PrimeIntellect: Opus 4.7 holds the nanoGPT speedrun record
A few days old but still rolling — Prime Intellect's autonomous-AI-research run (522k views, 1.7k likes, 153 retweets) had Claude Code (Opus 4.7) and Codex (GPT-5.5) run autonomously on the nanoGPT speedrun optimizer track using idle compute — ~10k runs, ~14k H200 hours. Opus 4.7 now holds the record at 2,930 steps vs the 2,990 human baseline. 0xMetaLabs's framing: "The recursive part is what matters. AI models are now helping optimize the training process for future AI models." Worth pairing with Mythos-on-MacOS as evidence that frontier models are now finding optima humans can't.
Mitsuhiko amplifies "Zero" — a programming language built for agents
Mitsuhiko boosted Chris Tate's Zero language announcement — "a programming language for agents. A systems language that was faster, smaller, and easier for agents to use and repair. Explicit capabilities. JSON diagnostics. Typed safe fixes. Made for agents on day zero." Armin: "I did not try it yet, but it does quite a few of the things that I wrote about recently!" — referencing his Feb 2026 essay on what an agent-friendly language looks like.
Theo, briefly funny
Worth grabbing for the dataset — Theo on programmatic Claude Code use:
To prevent "programmatic use", Claude Code may now request webcam access to assure user is present when prompting.
A callback to Tuesday's joke that an OpenClaw mention in a recent commit JSON blob would either get refused or surcharge by Claude Code — and to Anthropic's Wednesday formalisation of programmatic-usage metering. Theo's own update on the joke landed Sunday morning: "now that I think about it, this is kind of dumber than the webcam check joke I made."

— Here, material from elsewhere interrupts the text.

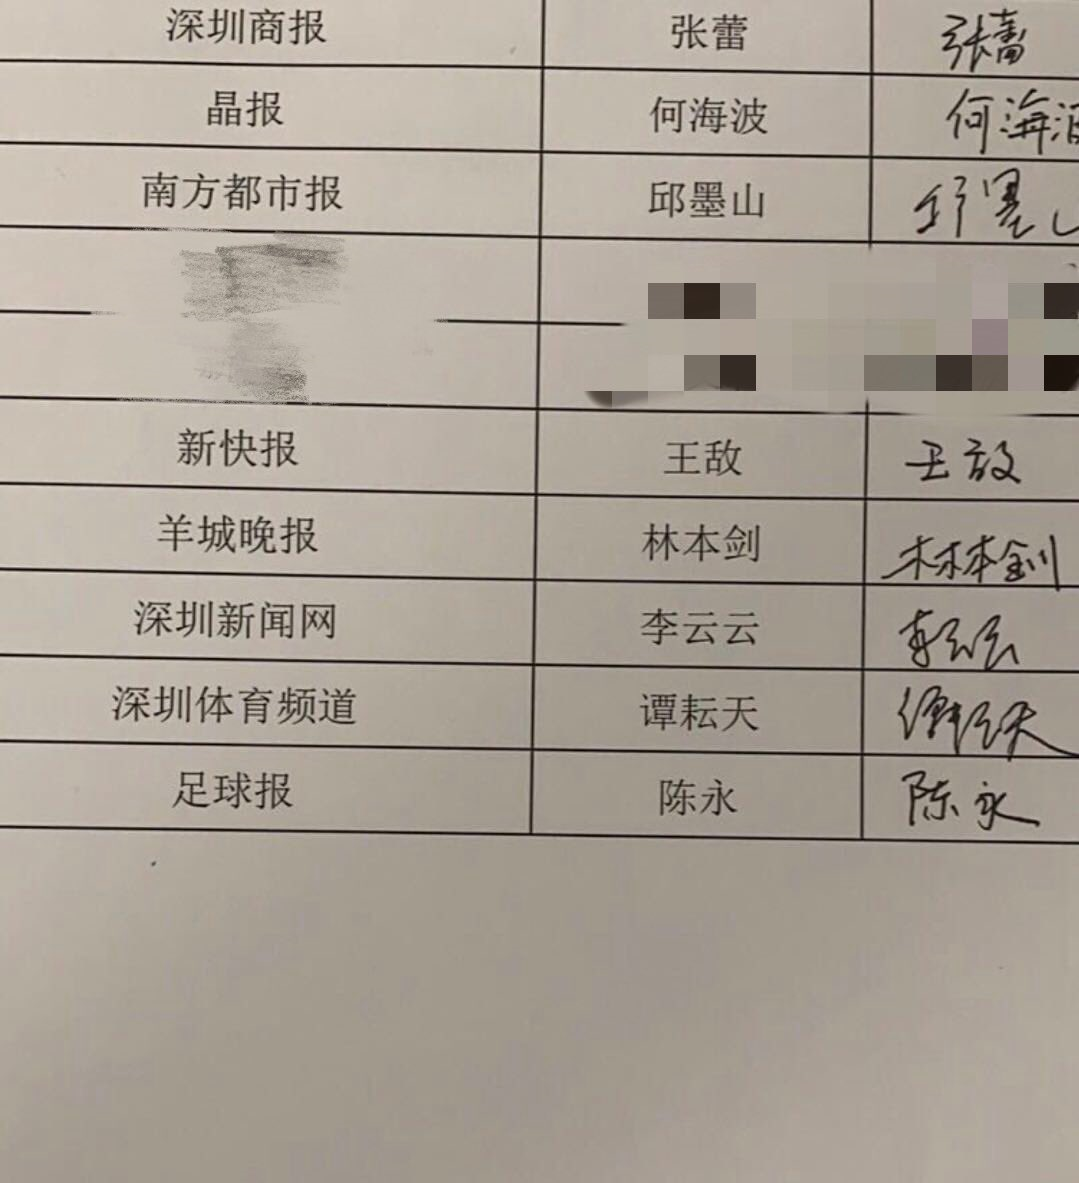 深足否认雇人诋毁天海!爆料记者已连夜删帖 第6张

Brockman: Codex is the app
Closing out the Codex-resurgence narrative — Greg Brockman quoted swyx on the "agentic Excel on Mac" line and added: "the Codex app is in a category of its own. 'agentic excel on mac' is an interesting description." For the OpenAI leadership to publicly endorse an external framing of the product as a category of its own — three months after the same product was widely considered the also-ran in this race — is the headline subplot of the weekend.